Gewerkschaft der Postler
- Type: Trade union
- Headquarters: Reichenberg
- Location: First Czechoslovak Republic;

= Gewerkschaft der Postler =

German trade union in Czechoslovakia

Stamp of the union

Gewerkschaft der Postler ('Postmens' Trade Union') was a German trade union in the First Czechoslovak Republic. The union was affiliated to the Central Commission of German Trade Unions in the Czechoslovak Republic.

The union had its headquarter in Reichenberg. As of 30 June 1924 the union claimed a membership of 4,420 (3,592 male, 828 female). Joseph Tichak served as the chairman of the union. The union issued a monthly publication named Gewerkschaft der Postler, edited by Paul Gottschlich.

The third congress of the PTT International, held from 14 to 17 July 1924, granted membership to the union in the international.

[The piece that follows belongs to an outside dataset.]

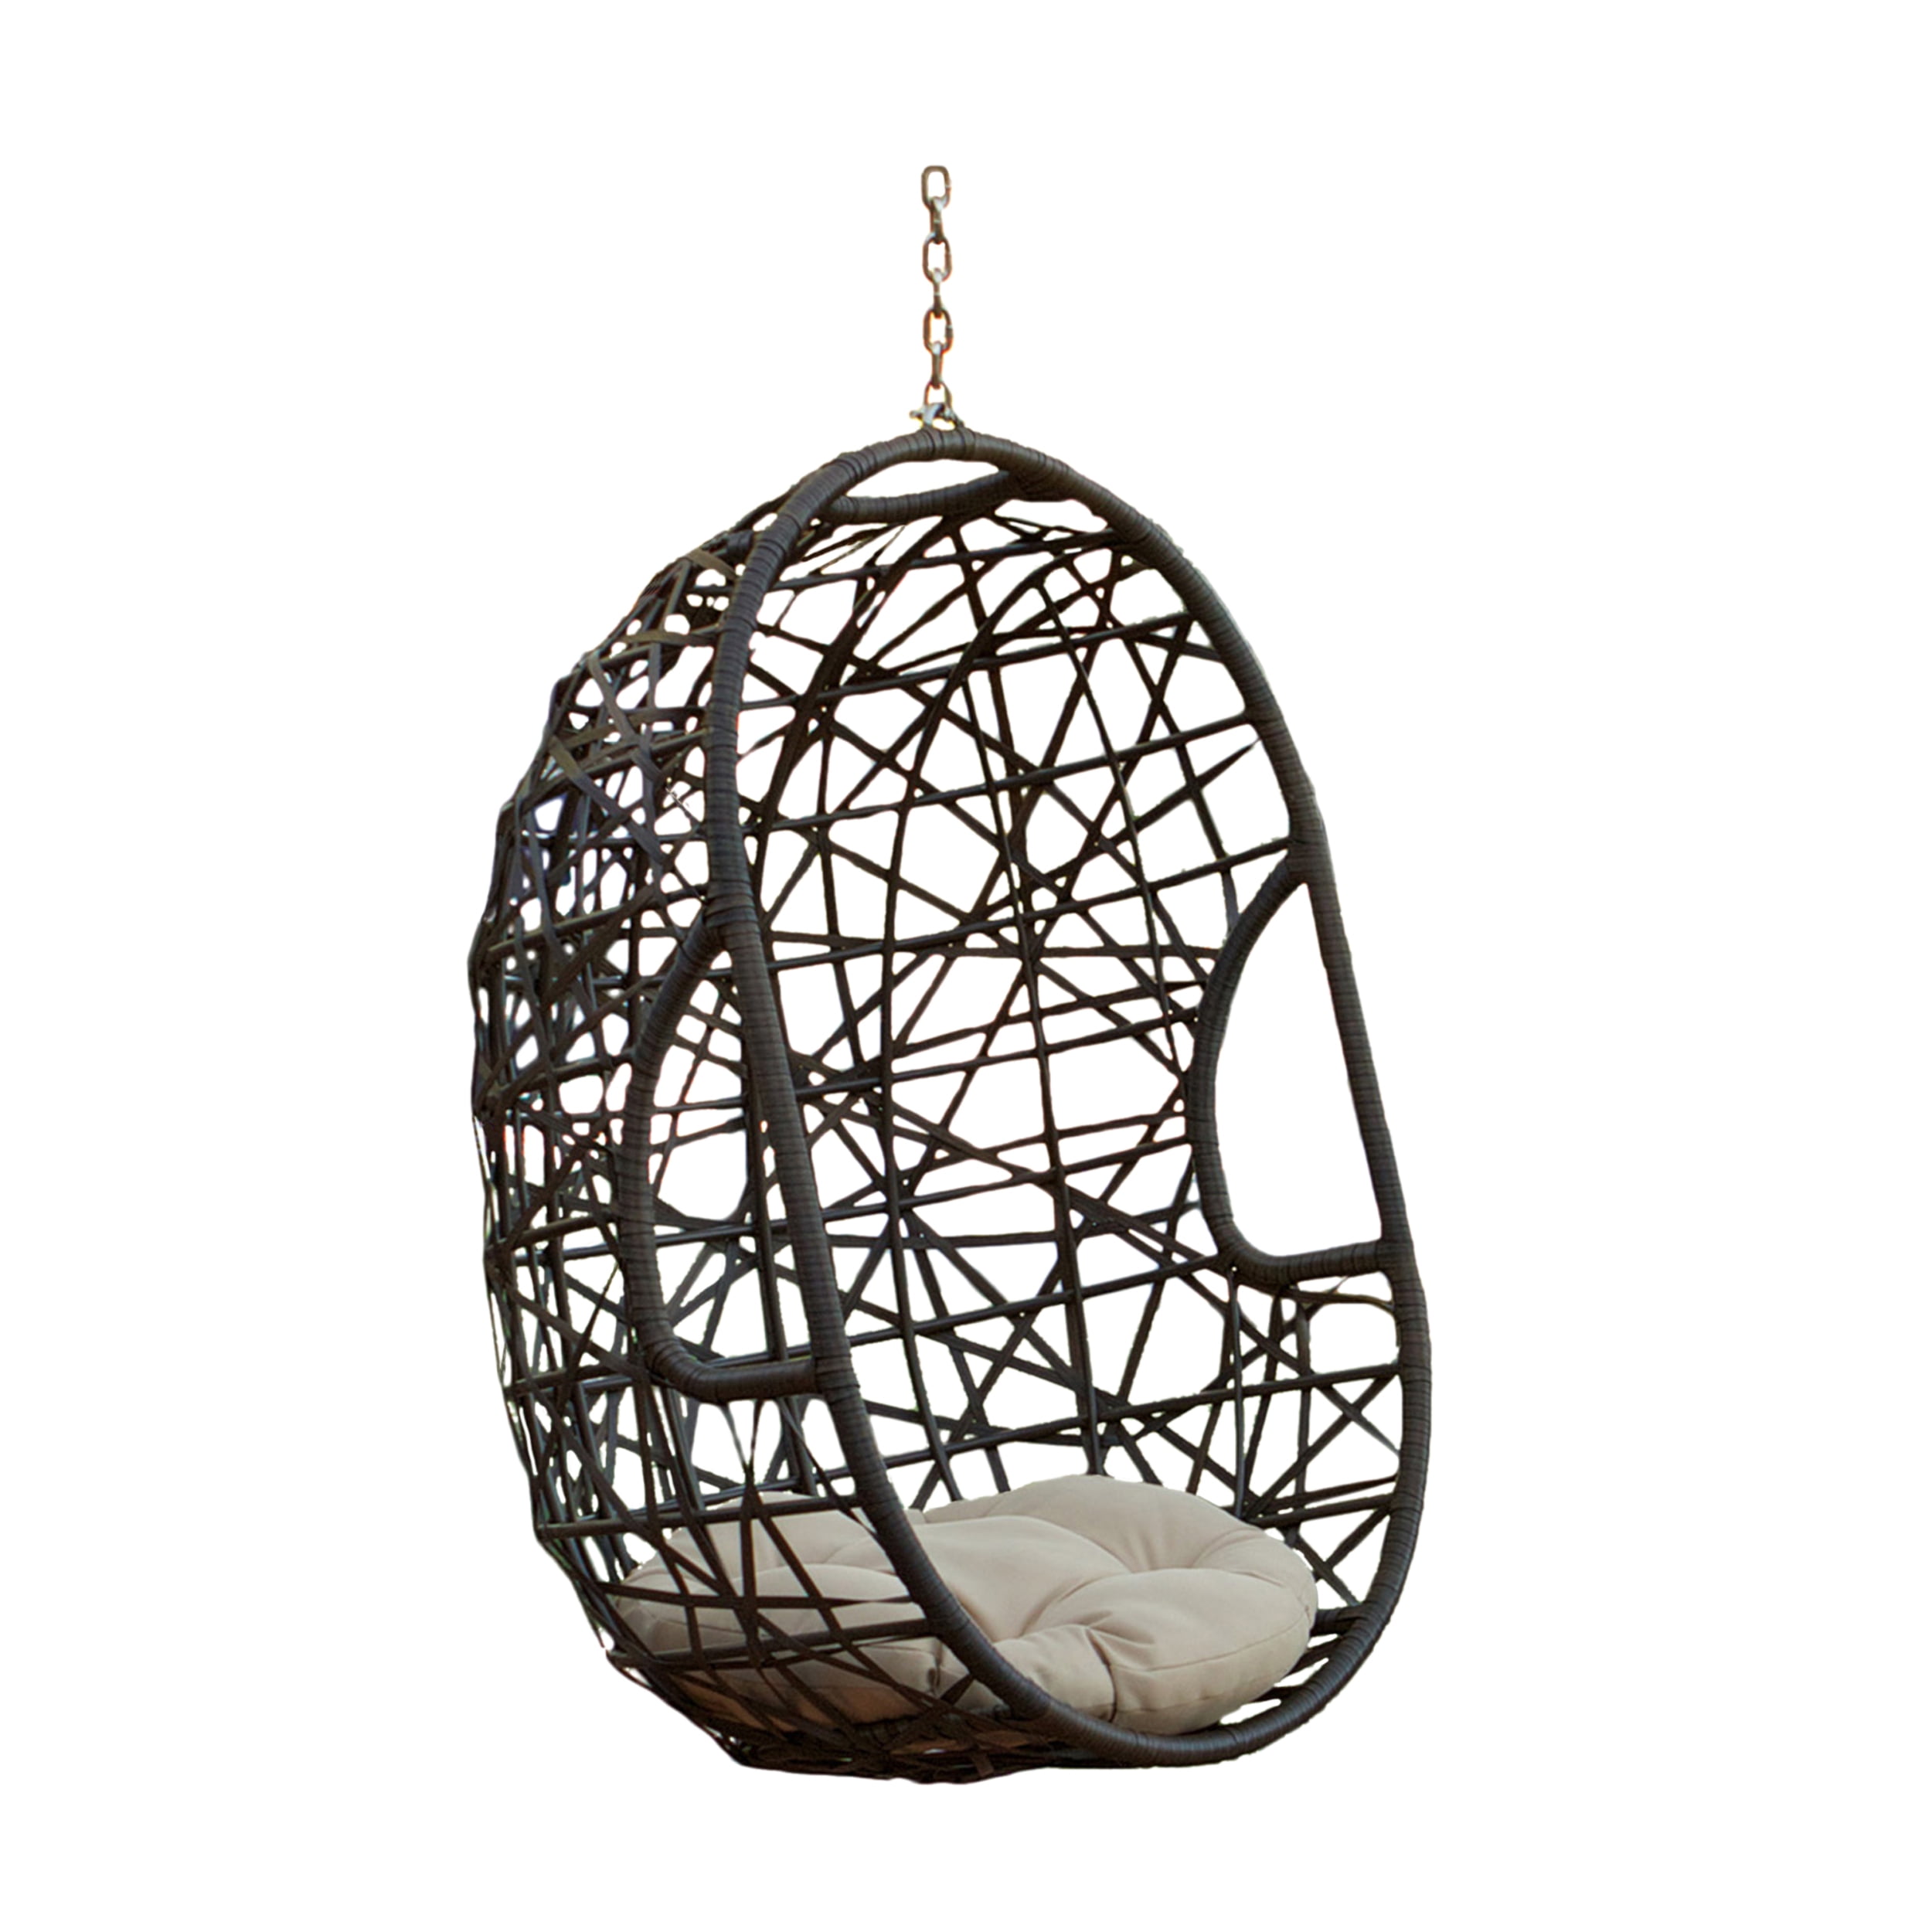 Trevyn Indoor/Outdoor Hanging Egg Wicker Chair (Stand Not

By the mid-1920s there were mass layoffs of government employees, with a national bias. The German postal workers joined protests against the imposition of language requirements for government employees. In 1935 the union resolved to combat the dismissals of German employees from the Postal and Telegraph Services. Frustration had grown in the postal worker ranks over the Social Democratic government policies, and by mid-1933 the Eger branch of the union issued a call for an extraordinary union congress and disaffiliation from the Central Commission of German Trade Unions. The appeal obtained support from 8 out of 54 local branches of the union.

In 1938, as Tichak resigned from his leadership post over health issues, the union distanced itself from the Social Democrats and withdrew from the Central Commission of German Trade Unions.